Members of the European Parliament voted to add UK overseas territories such as the Channel and British Virgin Islands to the tax haven blocklist.
Guernsey and Jersey have also been placed on the list after the UK ended its Brexit transition period on 31 December.
MEPs voted overwhelmingly in favour — by a vote of 587 to 50 — of adding more nations and territories to the list of non-cooperative jurisdictions, also arguing for the inclusion of EU territories such as the Netherlands, Ireland and Malta.
Furthermore, they called for countries which use a 0% tax regime to be automatically blacklisted.
Several jurisdictions have been added and removed and the list since it was first launched in 2017.The Cayman Islands was included on the EU blacklist in February last year, but was then later removed.
MEPs argued that after Brexit, UK territories lacked a layer of protection from inclusion on the blacklist.
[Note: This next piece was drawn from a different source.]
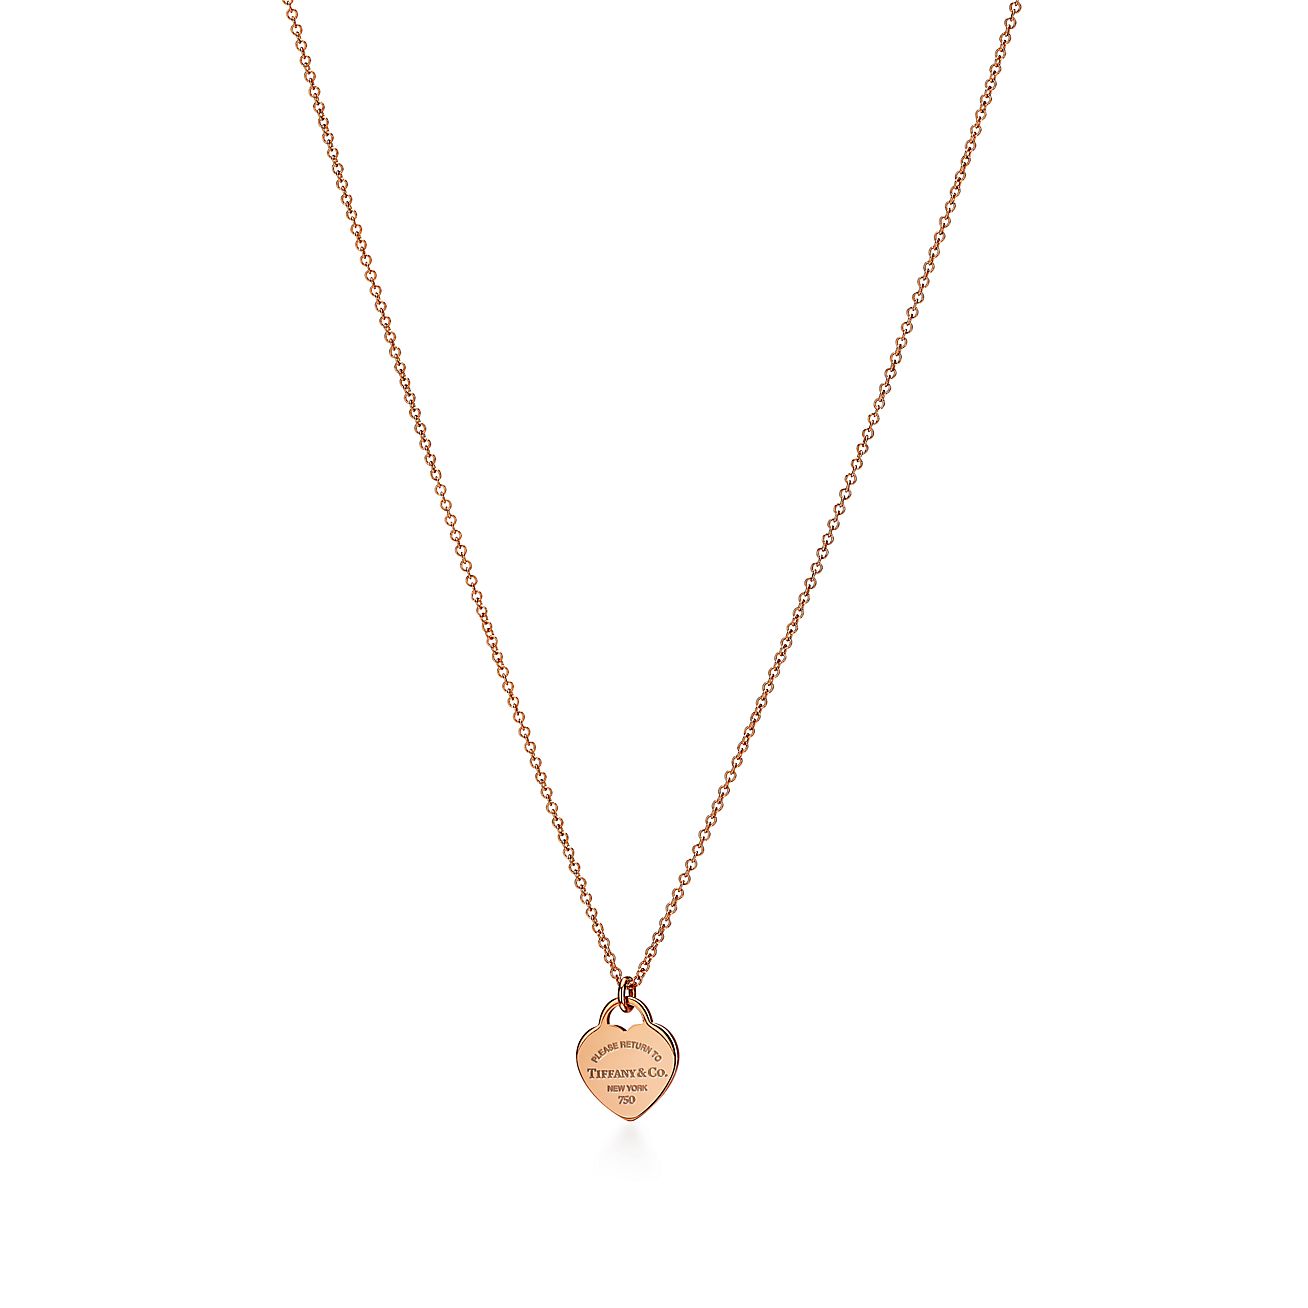 Tiffany & Co. Mini Heart Lock Necklace 18K Yellow Gold 750

A decision to expand the denylist now rests with the 27 member states on the EU’s Economic and Financial Affairs Council.
Robert Palmer, the director of the Tax Justice UK campaign group, said: “Post-Brexit the UK tax havens have lost their protector within the corridors of Brussels. I’d expect to see the EU to ramp up pressure on places like Jersey to clean up their act.
“The UK itself has been warned that if the government tries a Singapore-on-Thames approach, with a bonfire of regulations and taxes, then the EU will act swiftly.”
It comes as government borrowing swells across the globe due to the COVID-19 pandemic, adding pressure to raise more from taxes to repair their public finances.
The Office for National Statistics on Friday revealed that the UK government borrowed another £34bn ($46.5bn) in December.
Public sector net borrowing was £34.1bn last month, an increase of more than 470% compared to December 2019’s figure.
It marked the highest December on record and the third highest month of borrowing since records began in 1993.
Public finance records have repeatedly tumbled during the COVID-19 crisis. Tax income has fallen while government spending has surged due to targeted support to keep the economy afloat. The government has been forced to borrow eye-watering sums as a result.
The government borrowed £270bn between April and December 2020 and the state’s cash requirements last year were nearly double the previous record total. The Office for Budget Responsibility has said government borrowing could reach almost £400bn by March.